Repeat the data as given. Images do not go in the copy.

Given material: Begin

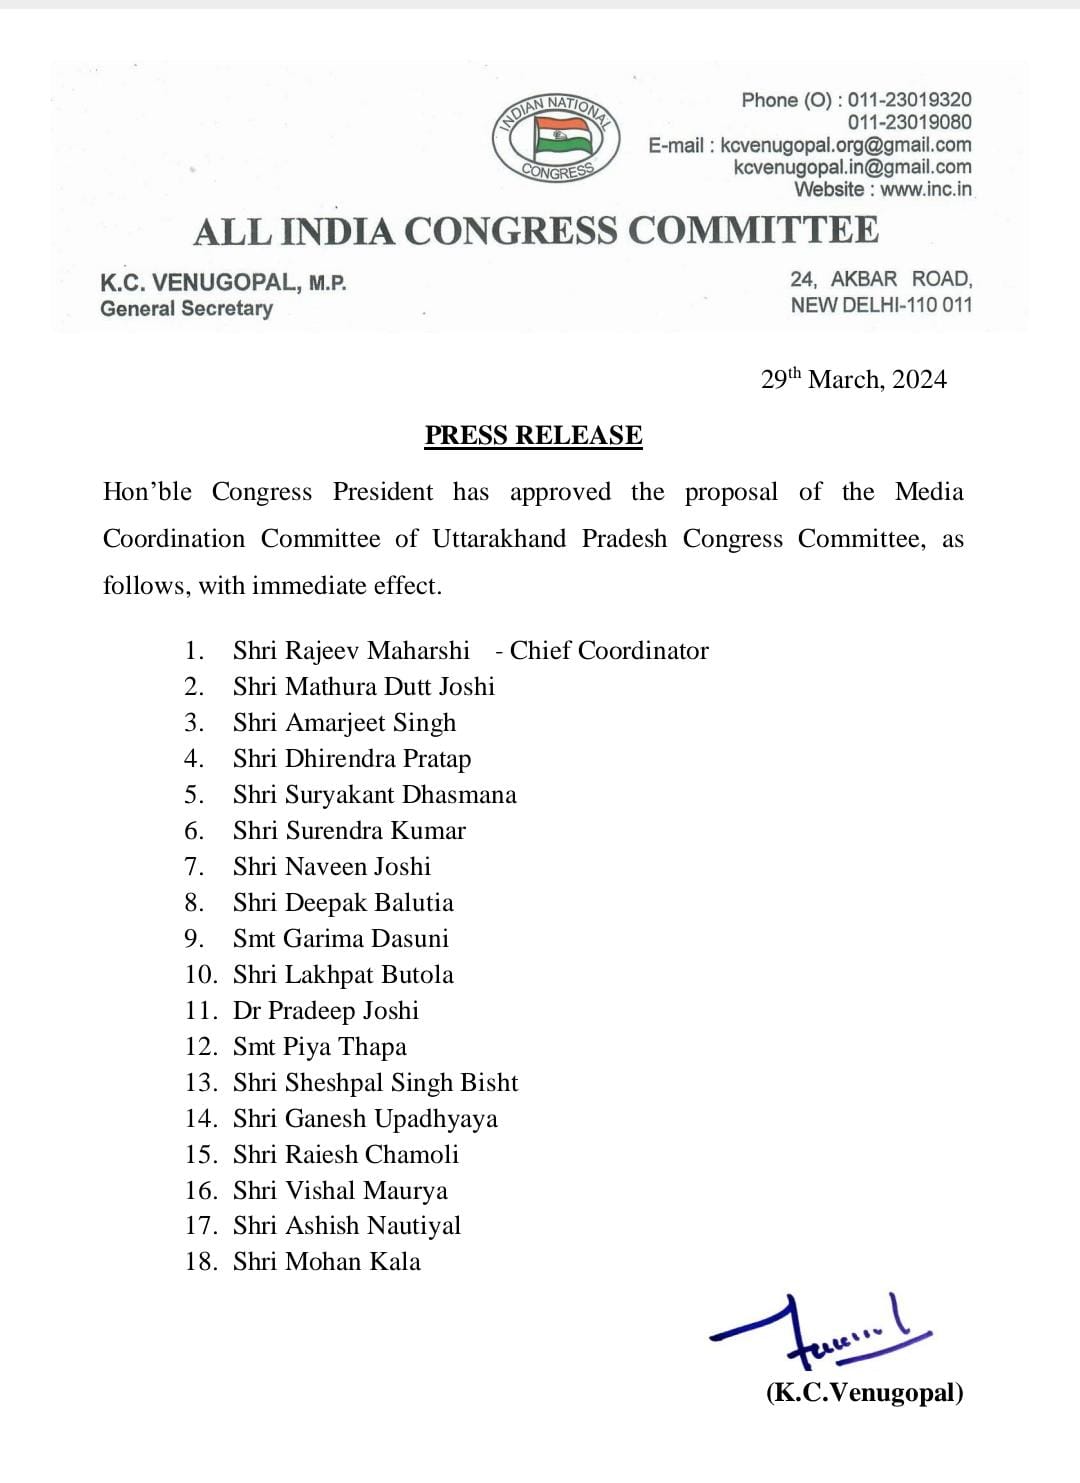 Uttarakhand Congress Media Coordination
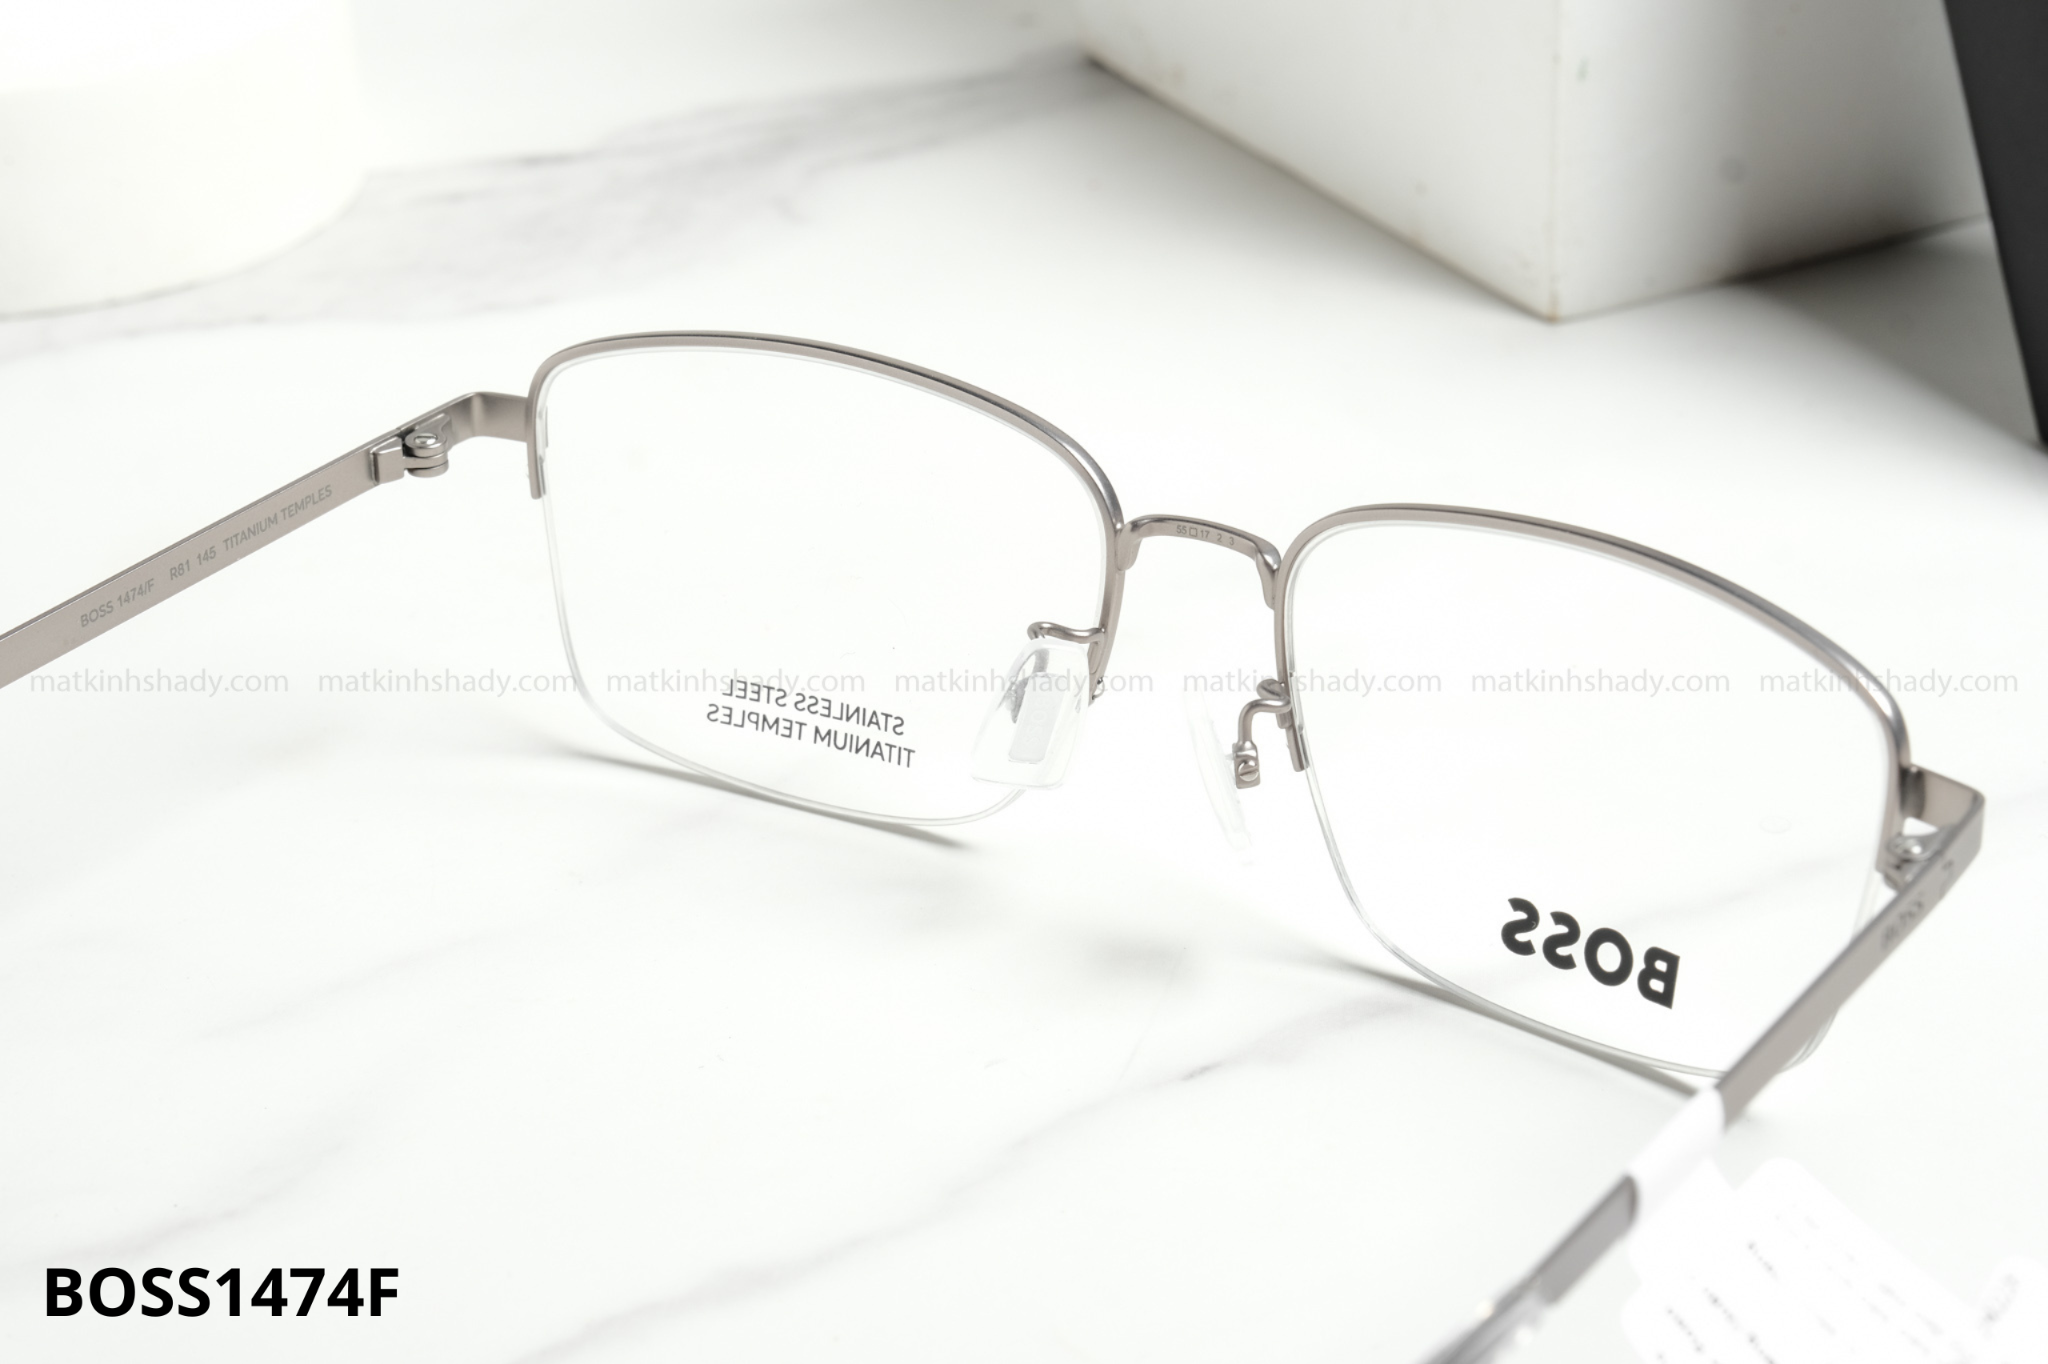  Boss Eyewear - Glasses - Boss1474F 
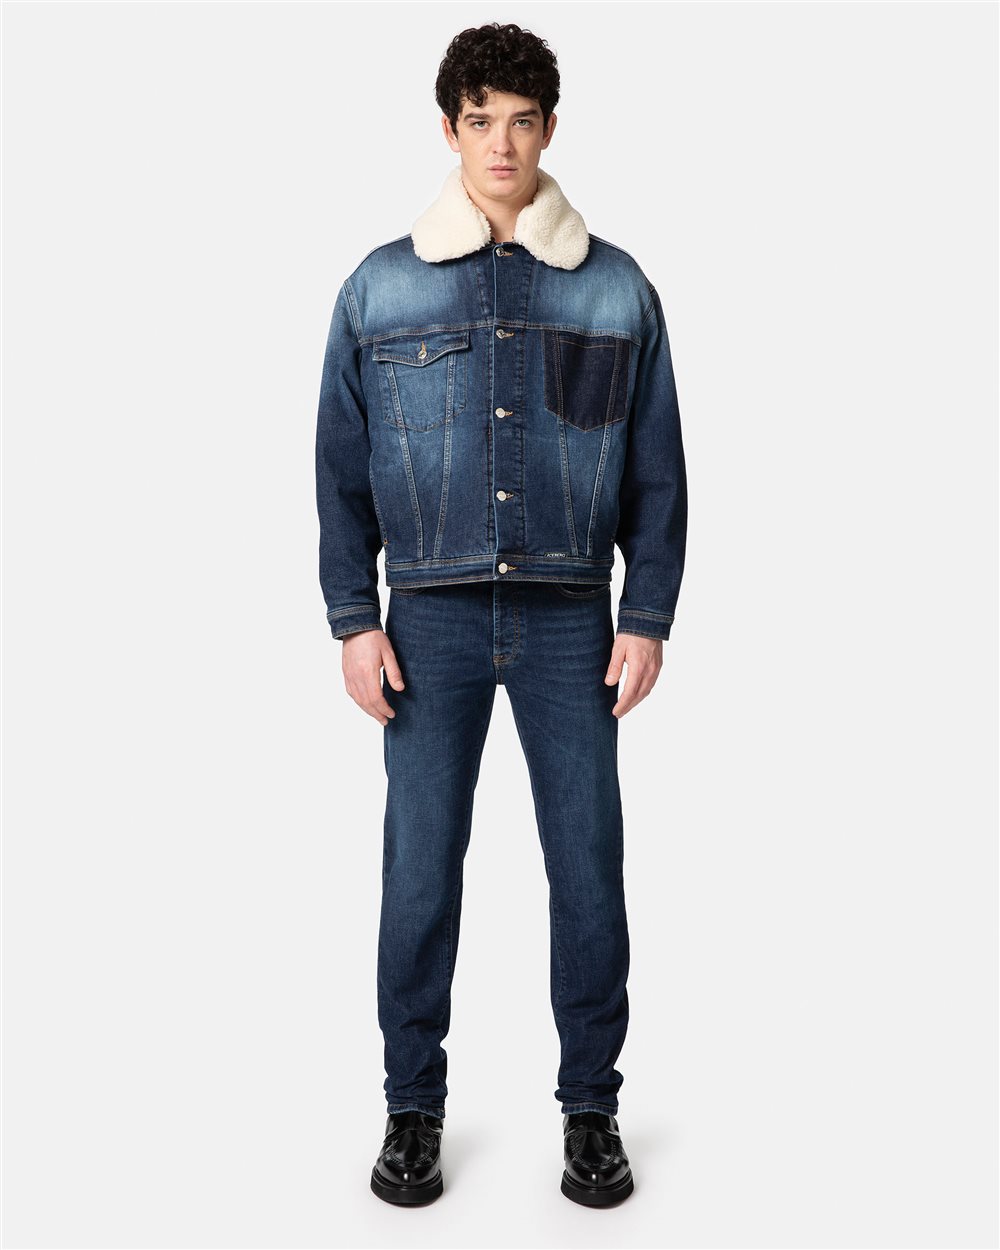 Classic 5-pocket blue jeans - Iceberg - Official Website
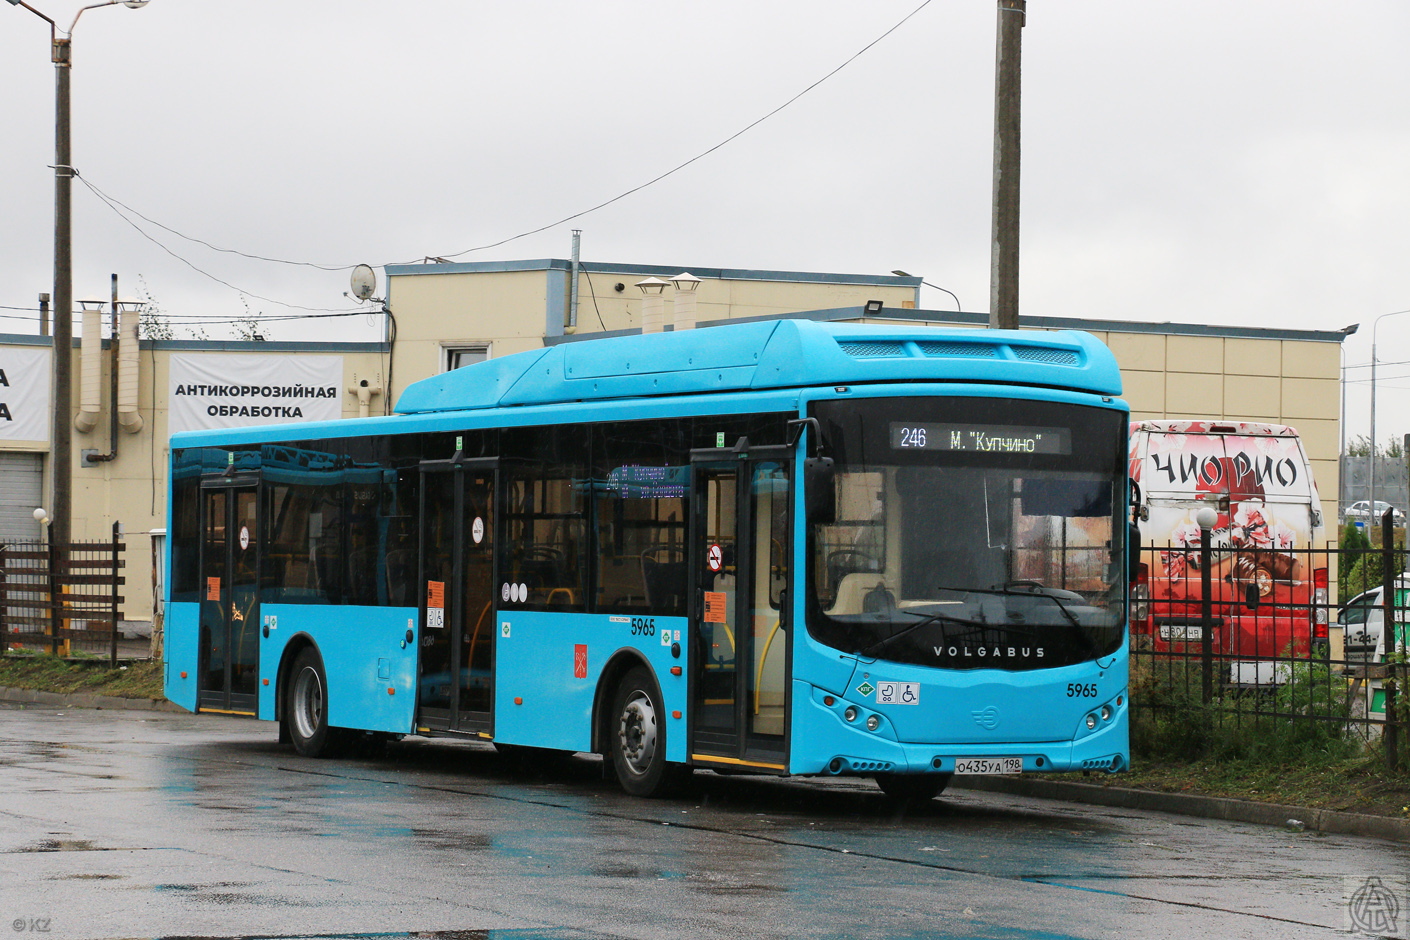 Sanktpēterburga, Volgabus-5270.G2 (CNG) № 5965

Given material: End

§ Answer for the task
 Uttarakhand Congress Media Coordination
  Boss Eyewear - Glasses - Boss1474F 
 Classic 5-pocket blue jeans - Iceberg - Official Website
 Sanktpēterburga, Volgabus-5270.G2 (CNG) № 5965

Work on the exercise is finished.